Among the 51 samples, the sensory testing scores of indica rice (IR) are listed in Table 1. In accordance with GB/T 15682-2008 and GB/T 1354-2009, out of 51 samples, 6, 38, and 7 were at grades high, medium, and low, respectively, and the top three varieties at the high level were Hengliangyou, Ezhong 5, and Guangliangx 2. Among all the samples, the medium eating levels gained more samples, and this result was in accordance with the current situation of paddy rice planting in China [26,27]. As for the same variety, such as Guangliangx 2 planted in different locations, rice gained multiple scores, even in different grades. Studies [28,29] have shown that environment and region affect rice quality, which may be the cause of the taste results in this study, but further studies still need to be developed to acquire a comprehensive explanation.

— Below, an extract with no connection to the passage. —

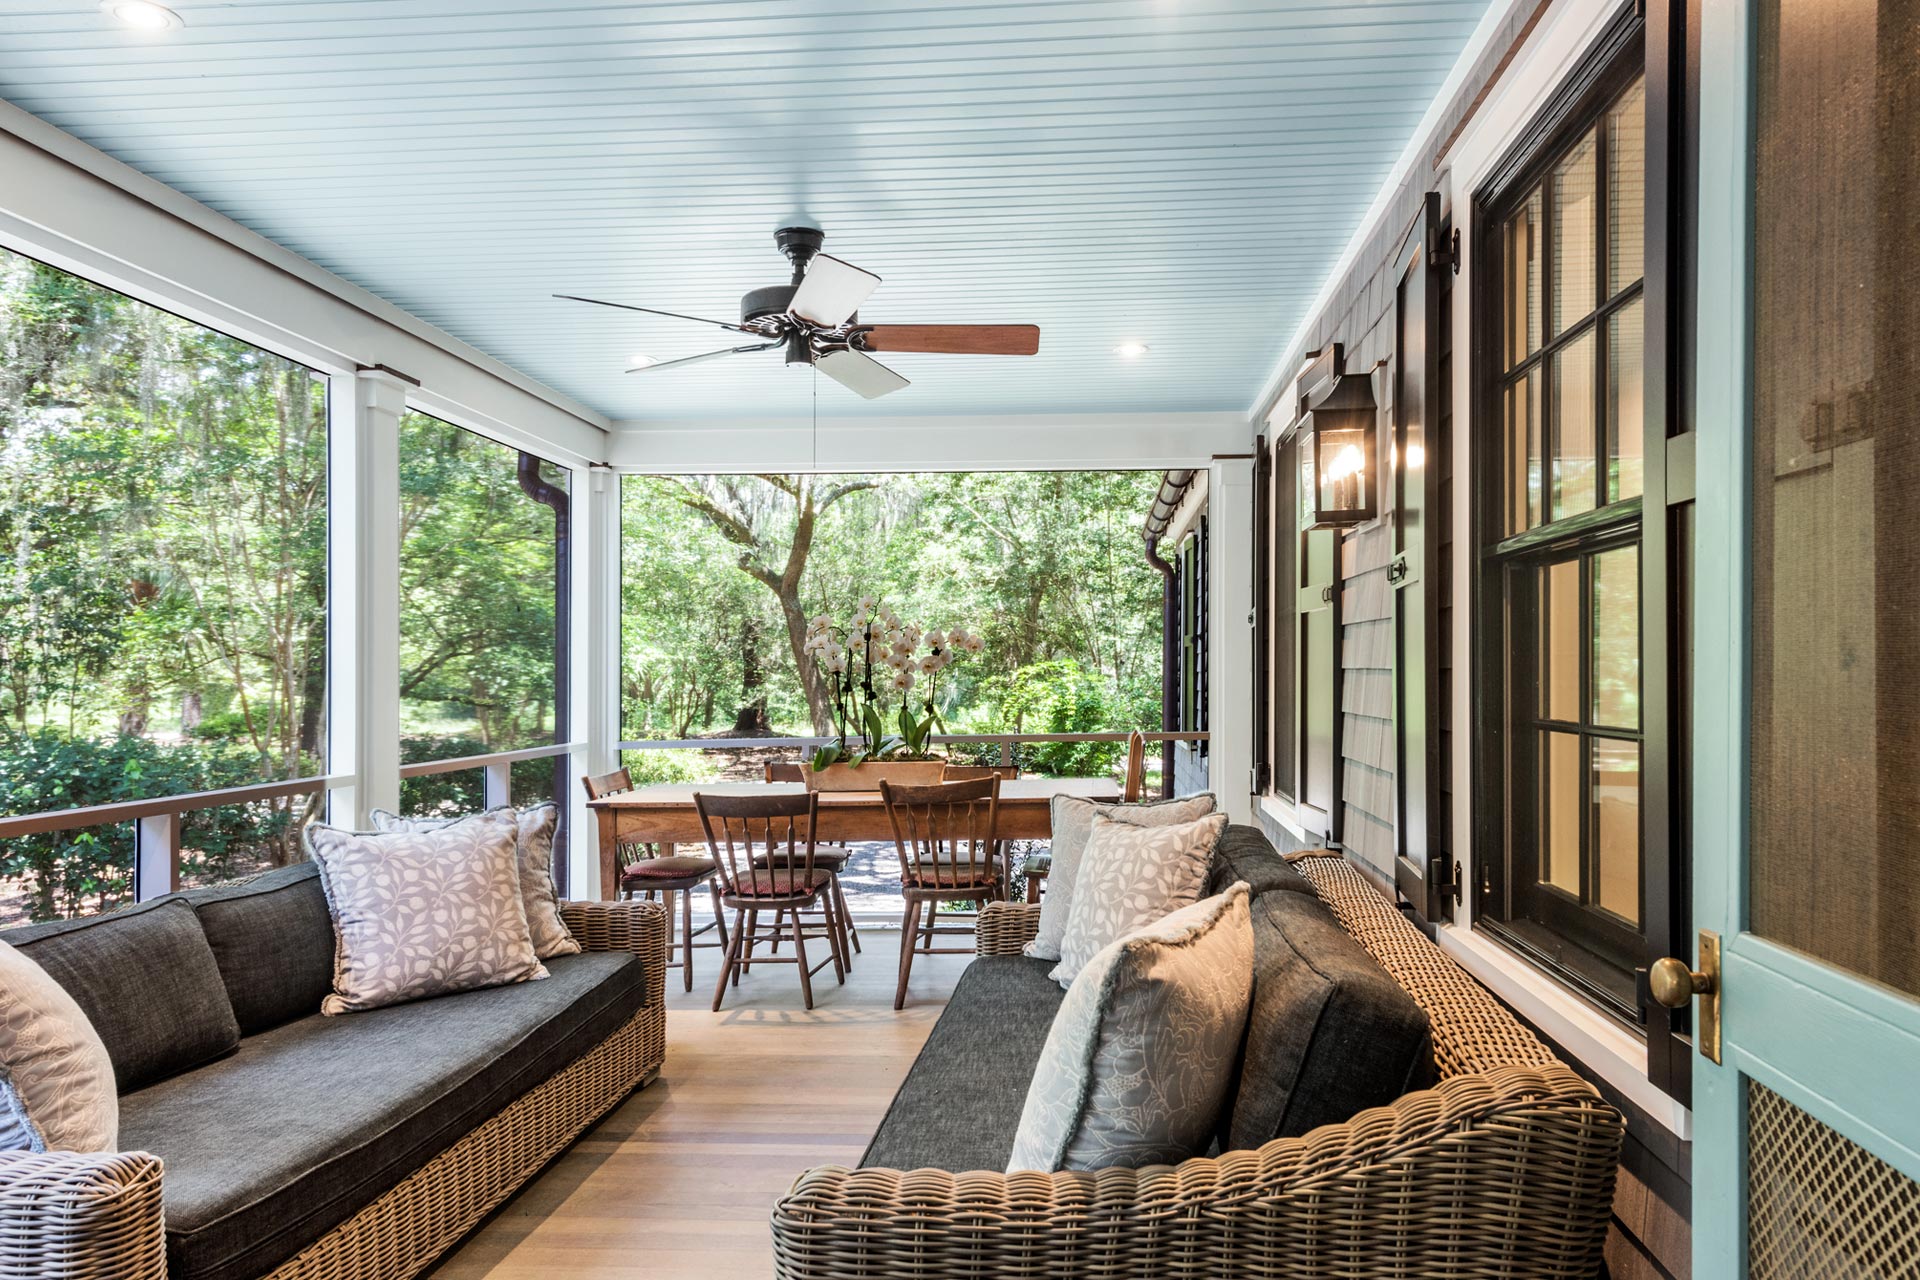 Screened in porch addition for living and dining space

3.2. Identified Rice Lipids by UPLC-QTOF/MS

Rice samples (61 of IR) and 10 QC samples were detected through positive and negative modes. There was no significant variation of RT and m/z (CV < 19.8% on UPLC-QTOF/MS) for internal standards added in the lipid profiles of 10 QC samples [30]. Principal component analysis (PCA) indicated that QC samples were tightly clustered (Figure S1) under the whole MS collection procedure, indicating good stability and precision of the measurements through the total test duration [31].
For the positive mode (ESI+), DG, TG, PA, PG, and PI produced [M + NH4]+, and other lipids, such as PE, LPE, and PS, possessed primarily [M + H]+. PC, LPC, and SM generated [M + CH3COO], and other lipids produced [M − H] in negative ion mode [32]. In addition, PC and LPC formed fragment ions such as 184.07, while other lipids produced [M + H − NL]+ or [M + NH4 − NL]+ ions mainly (NL, neutral loss). Different lipid classes usually possess fixed NL [33], such as PA (NL, 115.01), PE (NL, 141.02), PG (NL, 189.03), PI (NL, 277.04), etc. As for detected ion message (MS1 and MS2) and matching scores (≥98.5) with the lipid maps library, the unknown lipids were characterized. The recoveries of the 12 internal standards for lipids are listed in Table S1, which are between 78.39% and 106.3% at different added concentrations, exhibiting approving and satisfying results.
In the present study, the two representative matching images and compound structures from QI of DG (12:0/22:3) and Cer (d18:2/20:1) are shown in Figure 1A,B. PCA score plot of three grades of rice was presented in Figure 1C, a clear distinction among three grades could be seen basing on the lipids dataset. There were a total of 92 lipids identified in indica rice, including the 10 lipid classes DG, PA, PC, PE, PG, PI, PS, Cer, SM, and TG (Table S2). In Figure 1D, the % coverage of the pie plot is the percentage of each type of identified lipid number in the total identified lipids quantity of rice. Most identified lipids in rice were TGs and DGs, with proportions of 35% and 19% (Figure 1D), respectively, of total identified lipids.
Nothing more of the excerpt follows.